Chris Young singles chronology
| "I Can Take It from There" (2012) | "Aw Naw" (2013) | "Who I Am with You" (2014) |

= Aw Naw =

"Aw Naw" is a song co-written and recorded by American country music artist Chris Young. It was released in May 2013 as the first single from his fourth studio album, A.M.. The song was written by Young, Chris DeStefano and Ashley Gorley.

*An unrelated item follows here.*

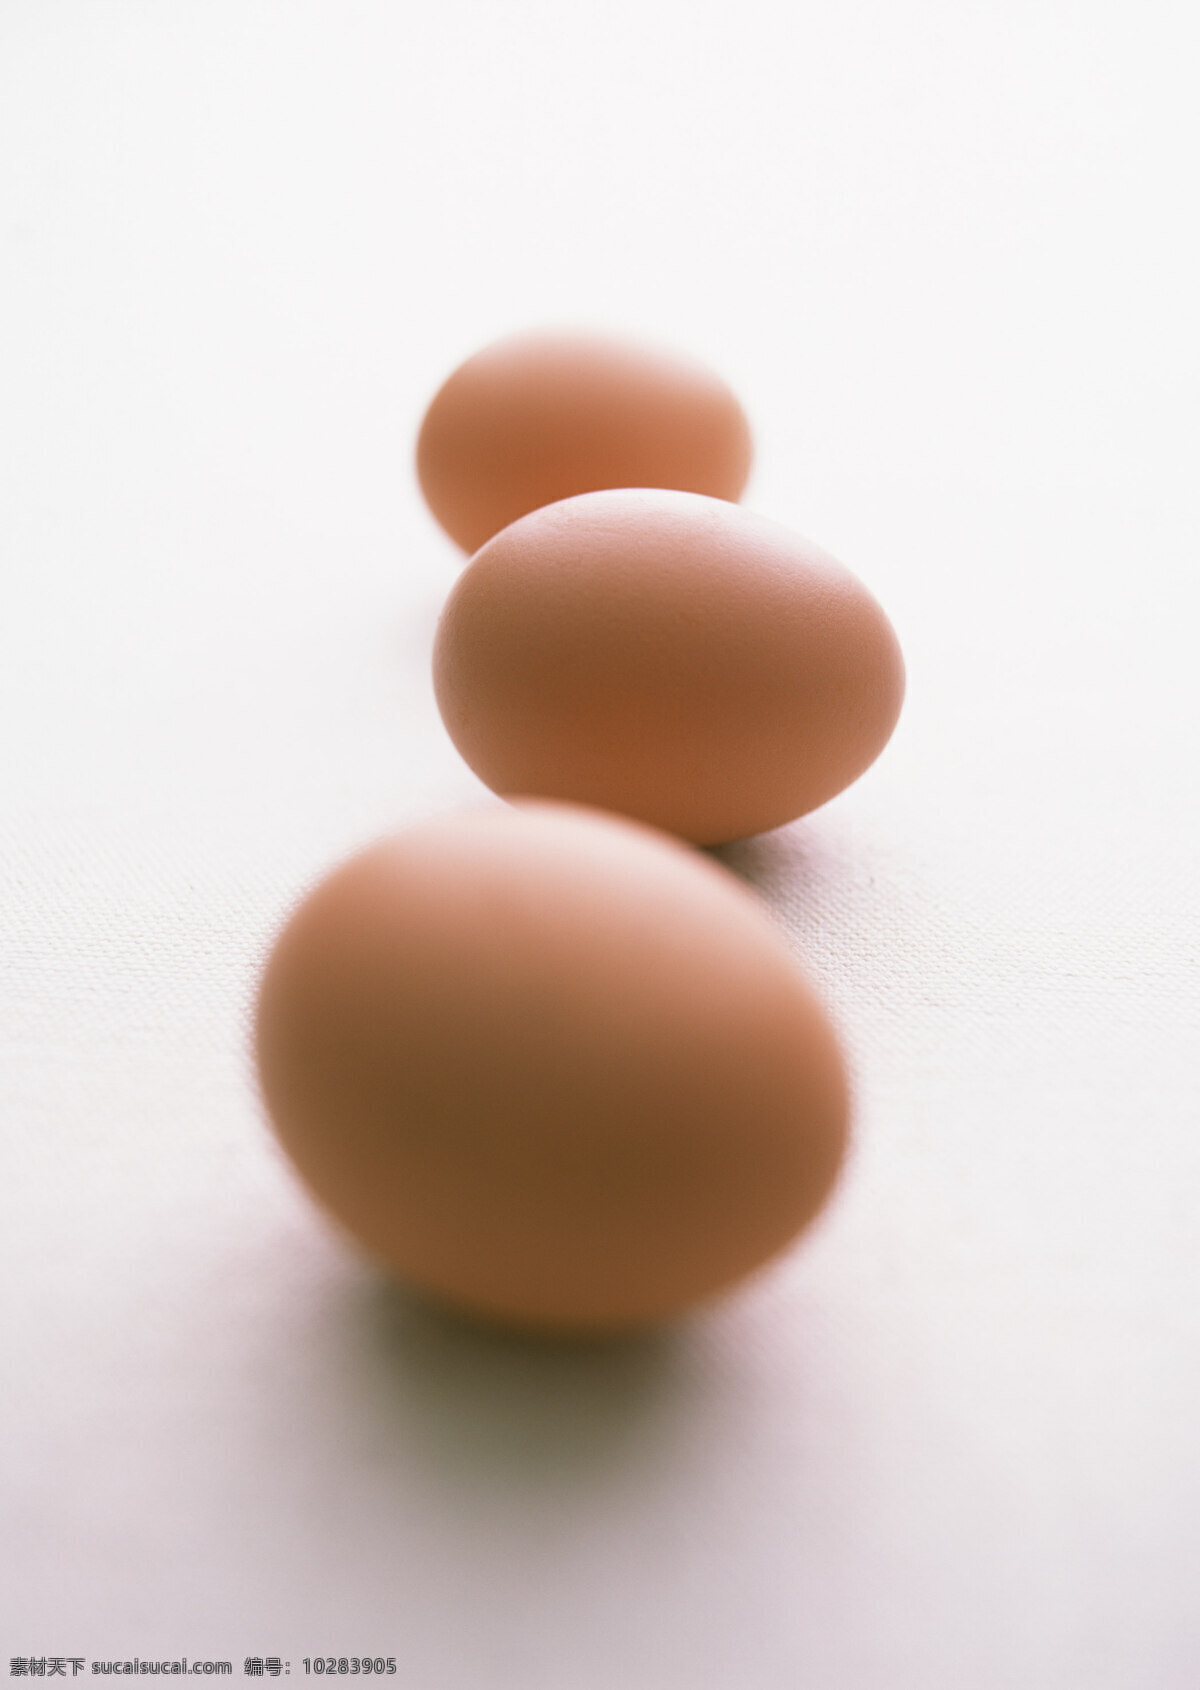 鸡蛋摄影 鸡蛋 蛋 食物原料 餐饮美食 食材原料 白色

The song received positive reviews from critics who praised Young's take on bro-country with strong production and tolerable lyrics. "Aw Naw" peaked at numbers three and four on both the U.S. Billboard Country Airplay and Hot Country Songs charts respectively. It also charted at number 45 on the Billboard Hot 100. It was certified Platinum by the Recording Industry Association of America (RIAA). It achieved similar chart success in Canada, peaking at number five on the Canada Country chart and number 50 on the Canadian Hot 100. The song was certified Platinum by the Canadian Recording Industry Association (CRIA).

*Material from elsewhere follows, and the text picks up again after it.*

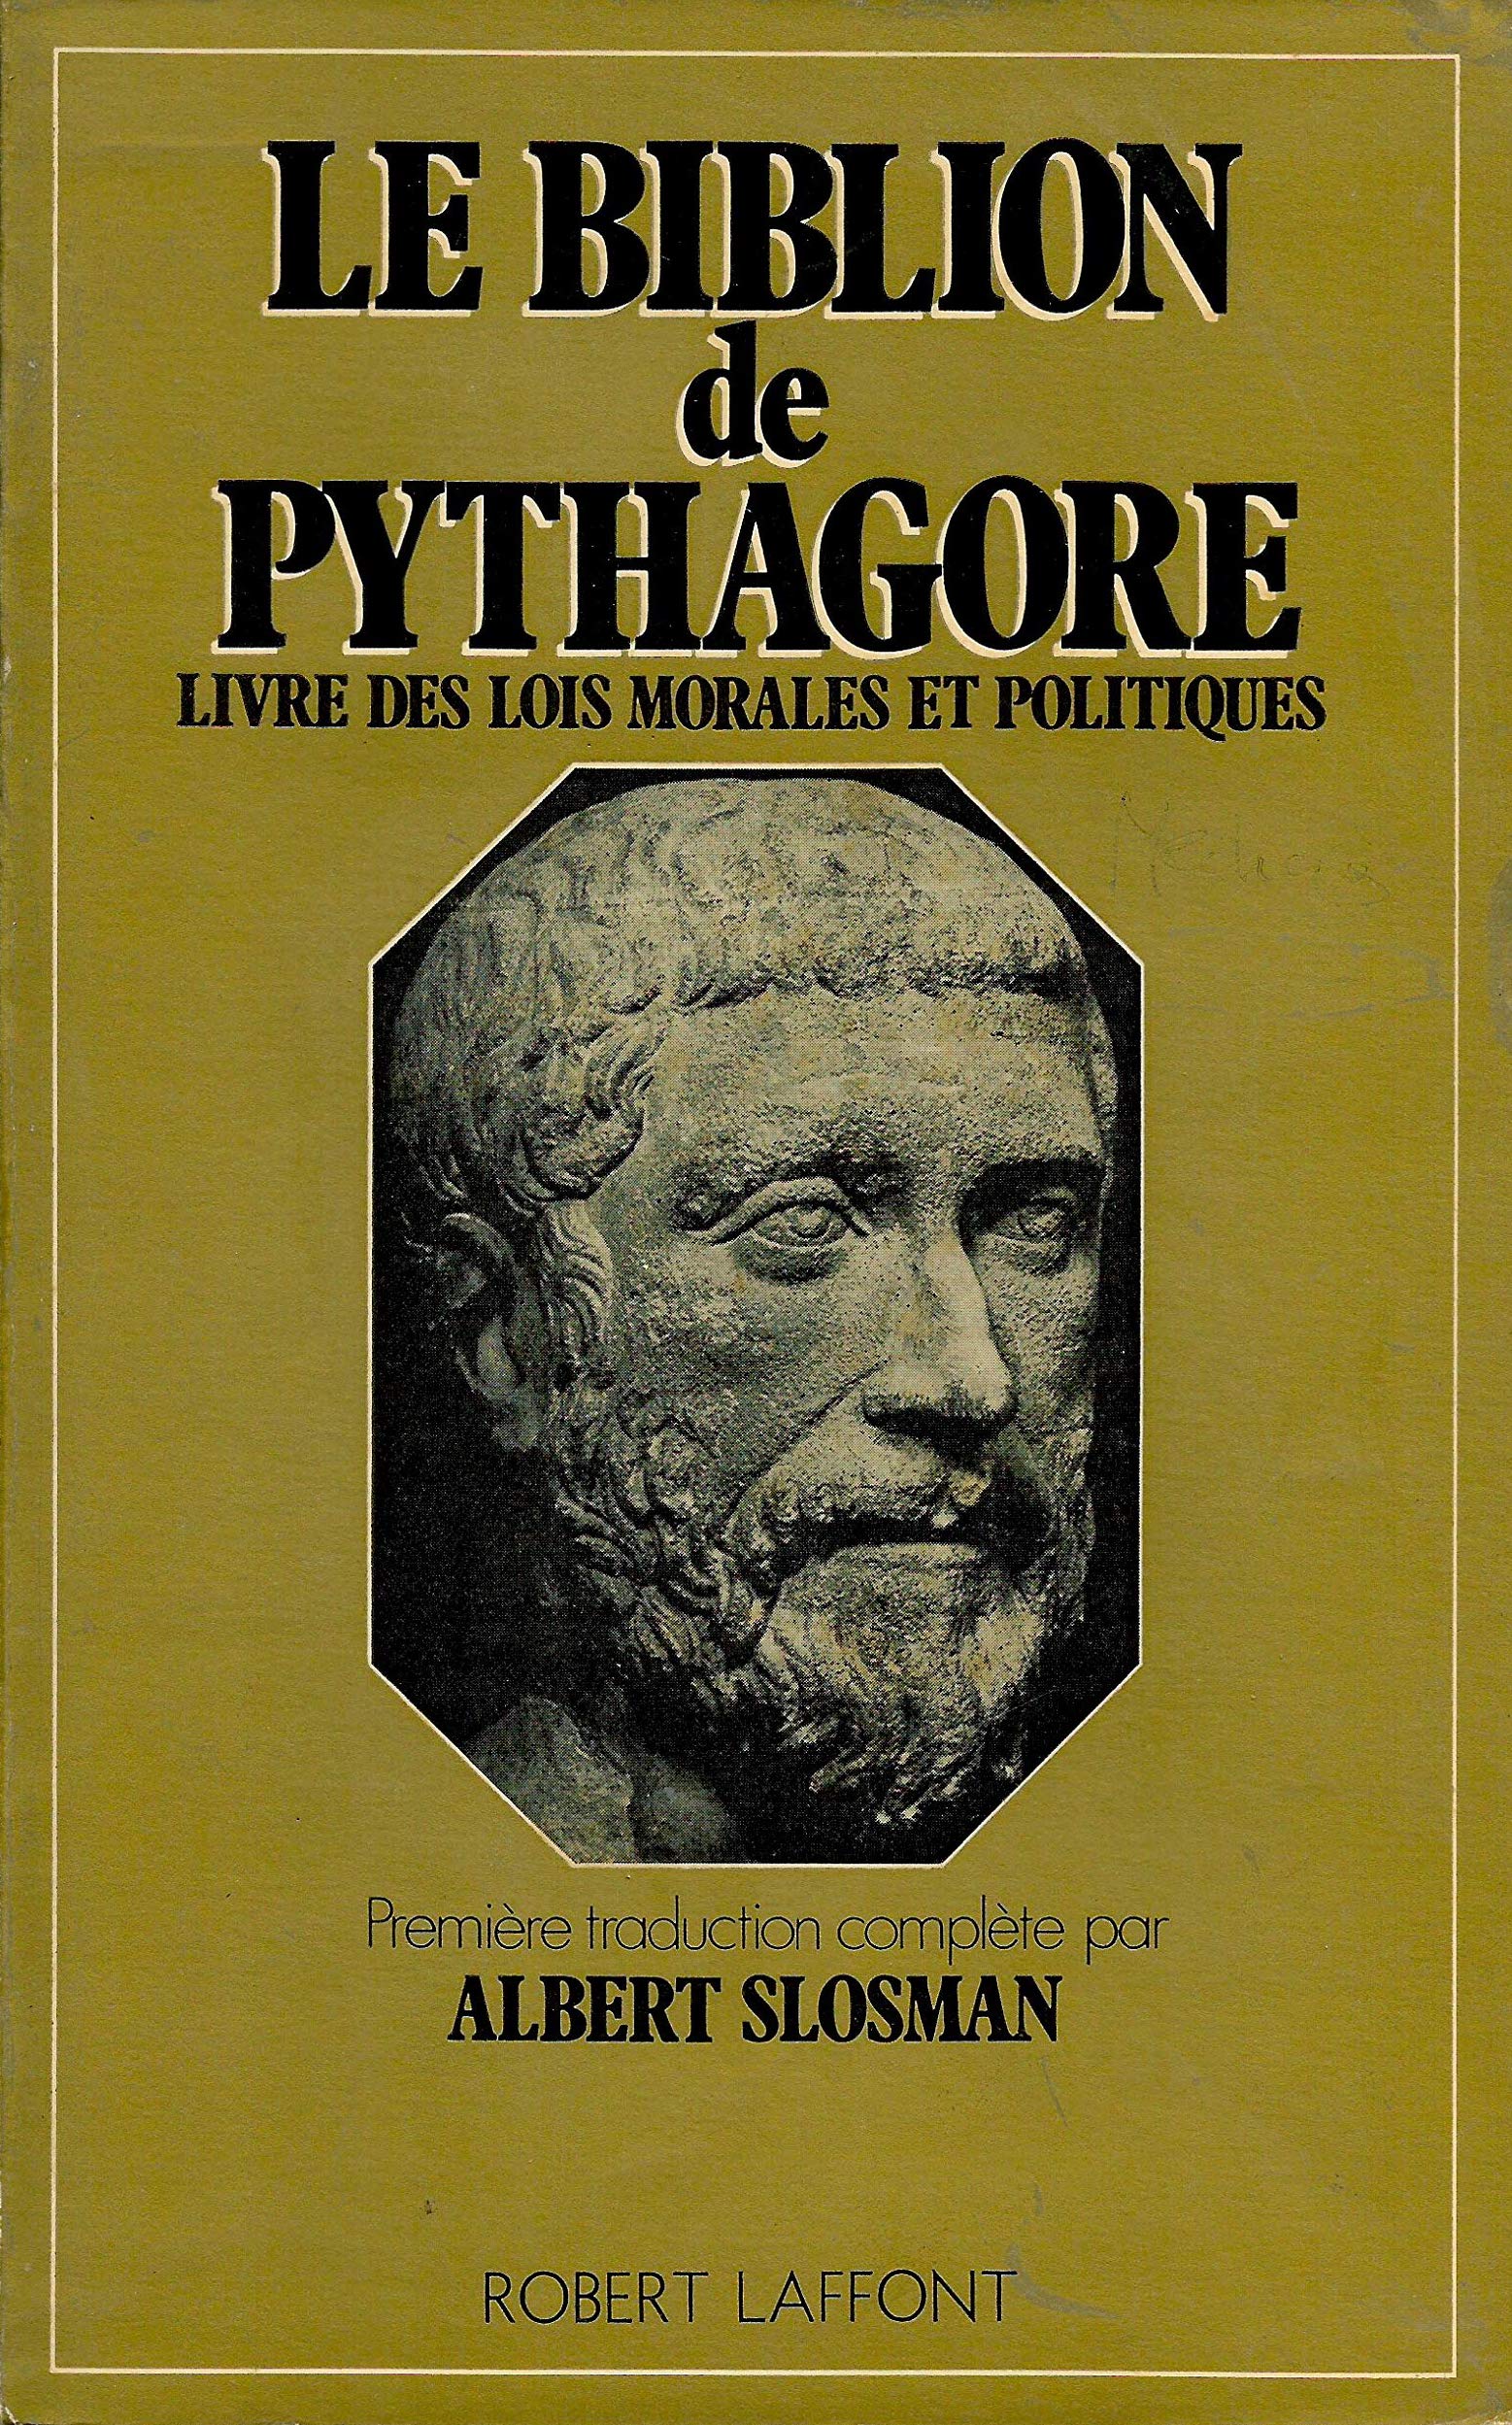 Le Biblion de Pythagore. Livre des lois morales et politiques

An accompanying music video for the song, directed by Chris Hicky, features Young hanging out at a bar behind the beverage door of a convenience store.

==Composition==
The song is in E Dorian, following a chord pattern of E-G-A.

==Critical reception==
Billy Dukes of Taste of Country gave the song four and a half stars out of five, writing that "this country-rocker is a progressive, creative and well-written leap forward for the ultra-talented singer." Matt Bjorke of Roughstock gave the song a favorable review, calling it "a country song that sounds unlike the singer's previous catalog but not so different as to say he's chasing trends."

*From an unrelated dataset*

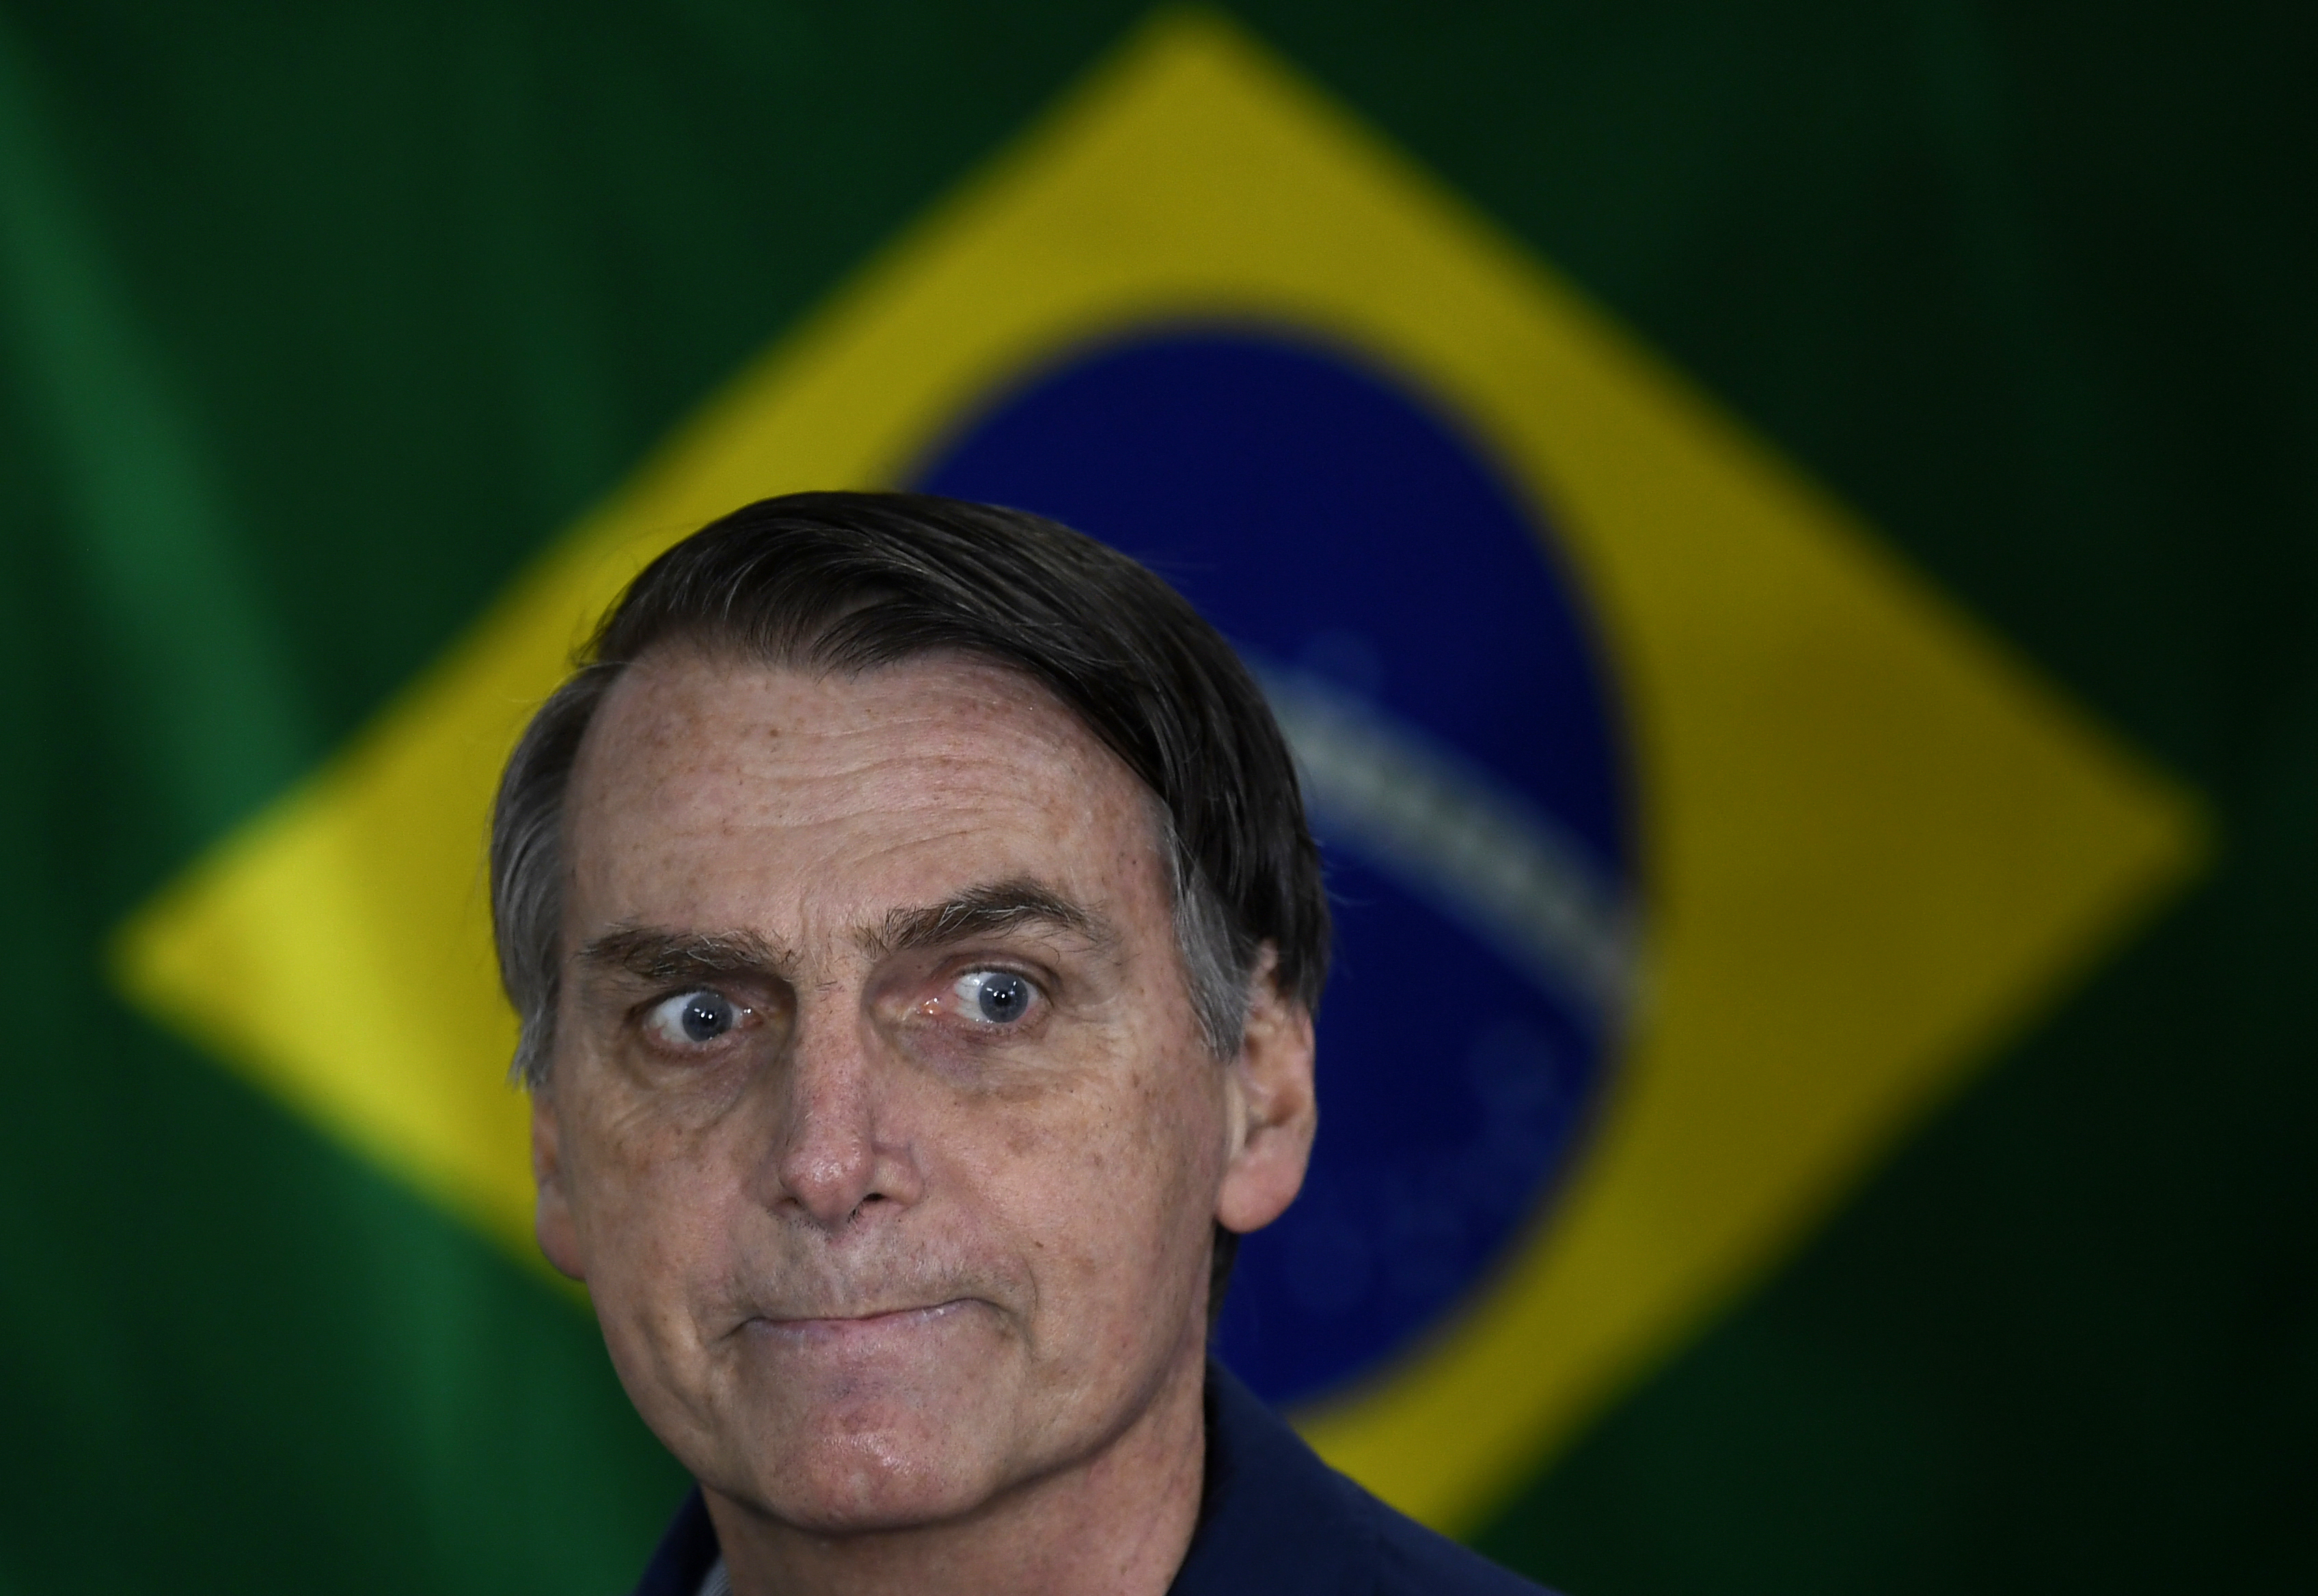 Bolsonaro kész tárgyalni arról, hogy amerikai katonai támaszpont létesüljön Brazíliában

Kevin John Coyne of Country Universe gave the song a B− grade, saying that it is "a typical 2013 country party song that is easier to tolerate than most of the others because it's sung really well and at least sounds like it's been written and performed by people of legal drinking age." Jon Freeman of Country Weekly gave the song a C grade, writing that "you’ve heard this particular theme many times before and there’s nothing added to it here, but the earworm chorus is likely to generate spins on your favorite radio station."

==Music video==
The video was directed by Chris Hicky and premiered in June 2013. It starts with Young and his band members at a convenience store and are attracted by three women. Young follows one of them behind a beverage door and is led to a bar and parties with them. It turns out to be a dream but as Young leaves with his band, the convenience store owner drinks from a skull and crossbones glass shot (implying that it actually happened).

==Chart performance==
"Aw Naw" debuted at number 54 on the U.S. Billboard Country Airplay chart for the week of May 25, 2013. It also debuted at number 32 on the U.S. Billboard Hot Country Songs chart for the week of June 8, 2013. It also debuted at number 97 on the U.S. Billboard Hot 100 chart for the week of August 3, 2013. It also debuted at number 98 on the Canadian Hot 100 chart for the week of September 14, 2013. As of December 2013, the song has sold 561,000 copies in the US.

| Chart (2013) | Peak position |
|---|---|
| Canada (Canadian Hot 100) | 50 |
| Canada Country (Billboard) | 5 |
| US Billboard Hot 100 | 45 |
| US Country Airplay (Billboard) | 3 |
| US Hot Country Songs (Billboard) | 4 |

===Year-end charts===

| Chart (2013) | Position |
|---|---|
| US Country Airplay (Billboard) | 11 |
| US Hot Country Songs (Billboard) | 32 |

==Certifications==

| Region | Certification | Certified units/sales |
| Canada (Music Canada) | Platinum | 80,000^{‡} |
| United States (RIAA) | 2× Platinum | 2,000,000^{‡} |
^{‡} Sales+streaming figures based on certification alone.